Analog zu mineralischen Zellen auf Eisen­sulfid­basis gelten künstliche Poly­oxo­metallate, kurz POMs, als anorganische Zellen, die chemische Prozesse im Vorfeld erleichtern und „lebensechte“ Eigen­schaften aufweisen. Die Relevanz von POMs für lebens­erhaltende Prozesse, etwa bei mikro­bieller Atmung, wurde bislang noch nicht untersucht. „Am Beispiel Metallo­sphaera sedula, das in heißer Säure gedeiht und durch Metall­oxidation atmet, haben wir untersucht, ob komplexe anorganische Systeme, die auf Wolfram-POM-Clustern basieren, das Wachstum von M. sedula aufrecht­erhalten und die Zell­prolife­ration und -teilung bewirken können“, erläutert Milojevic.

Das Forscherteam konnte zeigen, dass die Verwendung von anorganischen POM-Clustern auf Wolframbasis den Einbau von heterogenen Wolfram-Redox-Spezies in mikrobielle Zellen ermöglicht. Die metall­organischen Ablagerungen an der Grenzfläche zwischen M. sedula und W-POM wurden am Öster­reichischen Zentrum für Elektronen­mikroskopie und Nanoanalyse in Graz im Nanometer­bereich aufgelöst.

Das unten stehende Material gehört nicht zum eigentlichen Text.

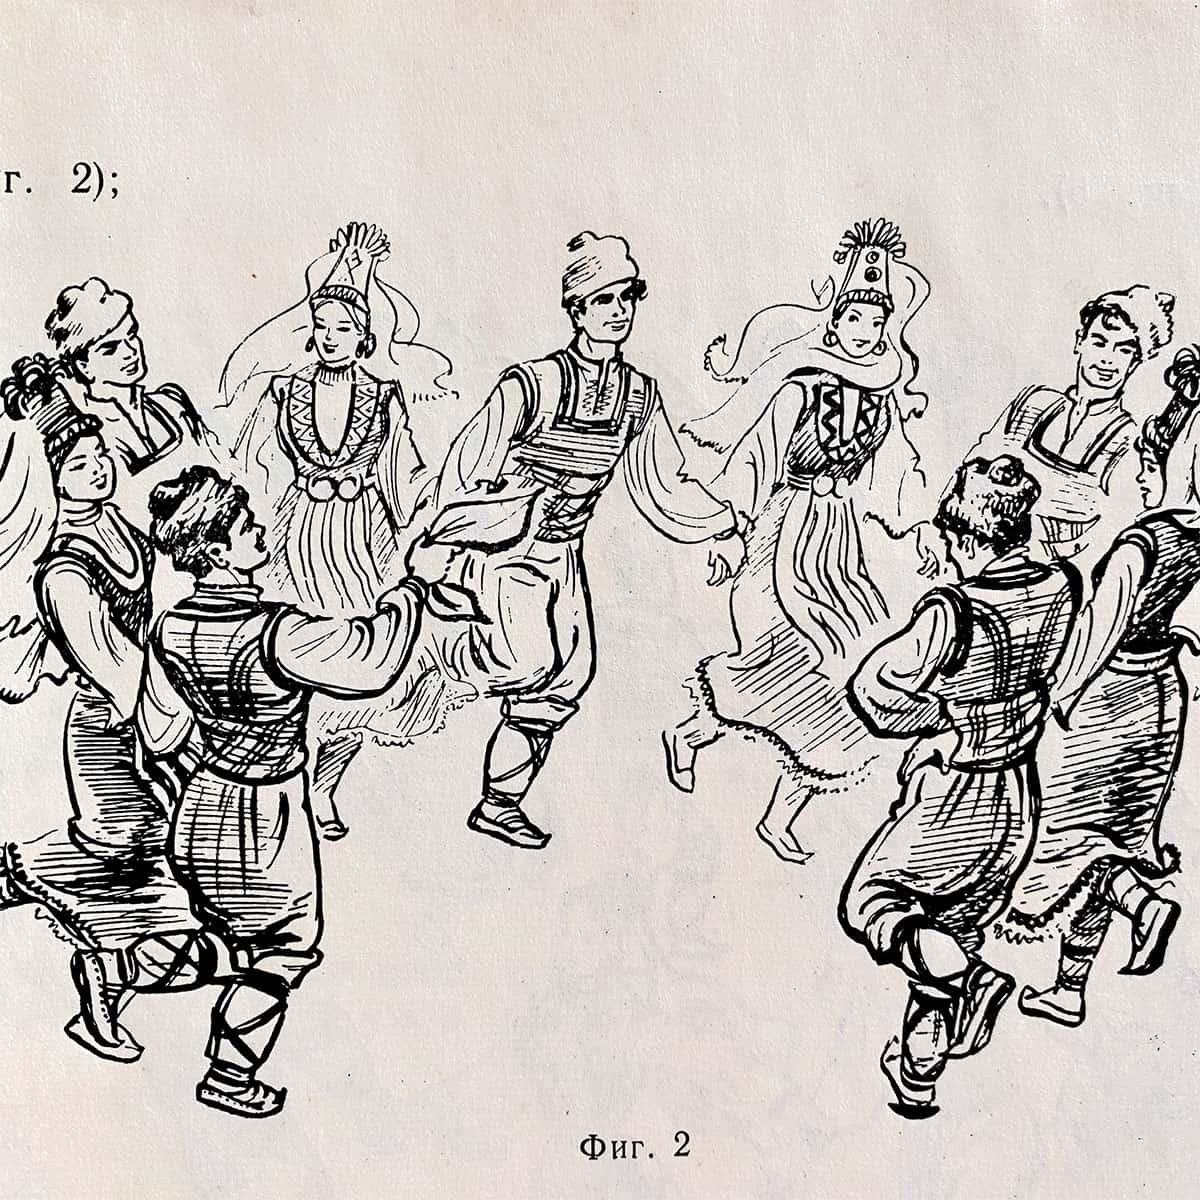 танцуване на Ганкино хоро - фигура 2

„Unsere Ergebnisse ergänzen die wachsenden Aufzeichnungen über biominerali­sierte mikrobielle Arten, die unter denen Archaeen selten vertreten sind, um die mit Wolfram verkrustete M. sedula“, so Milojevic. Die von der extrem thermo­azido­philen M. sedula durchgeführte Biotrans­for­mation des Wolfram­minerals Scheelit führt zum Bruch der Scheelit­struktur, anschließender Solubili­sierung von Wolfram und der Wolfram­biominerali­sierung der Zell­ober­fläche von M. sedula. Die biogenen wolfram­carbid­ähnlichen Nano­strukturen stellen ein potenziell nachhaltiges Nano­material dar, das durch das umwelt­freundliche mikrobiell unter­stützte Design erhalten wird.

„Unsere Ergebnisse zeigen, dass M. sedula durch ein Überziehen mit wolfram­carbid­artigen Verbindungen eine wolfram­haltige, minerali­sierte Zell­ober­fläche bilden kann“, erklärt Milojevic. Diese mit Wolfram verkrustete Schicht, die sich um die Zellen von M. sedula bildet, könnte eine mikrobielle Strategie darstellen, um unter rauen Bedingungen, etwa während einer inter­planetaren Reise, gute Überlebenschancen zu haben. Die Wolfram-Schicht dient dabei als wirksamer Strahlen­schutz. „Die mikro­bielle Wolfram­rüstung ermöglicht uns die Überlebens­fähigkeit dieses Mikro­organismus unter Weltraum­umgebungs­bedingungen weiter zu untersuchen“, so Milojevic.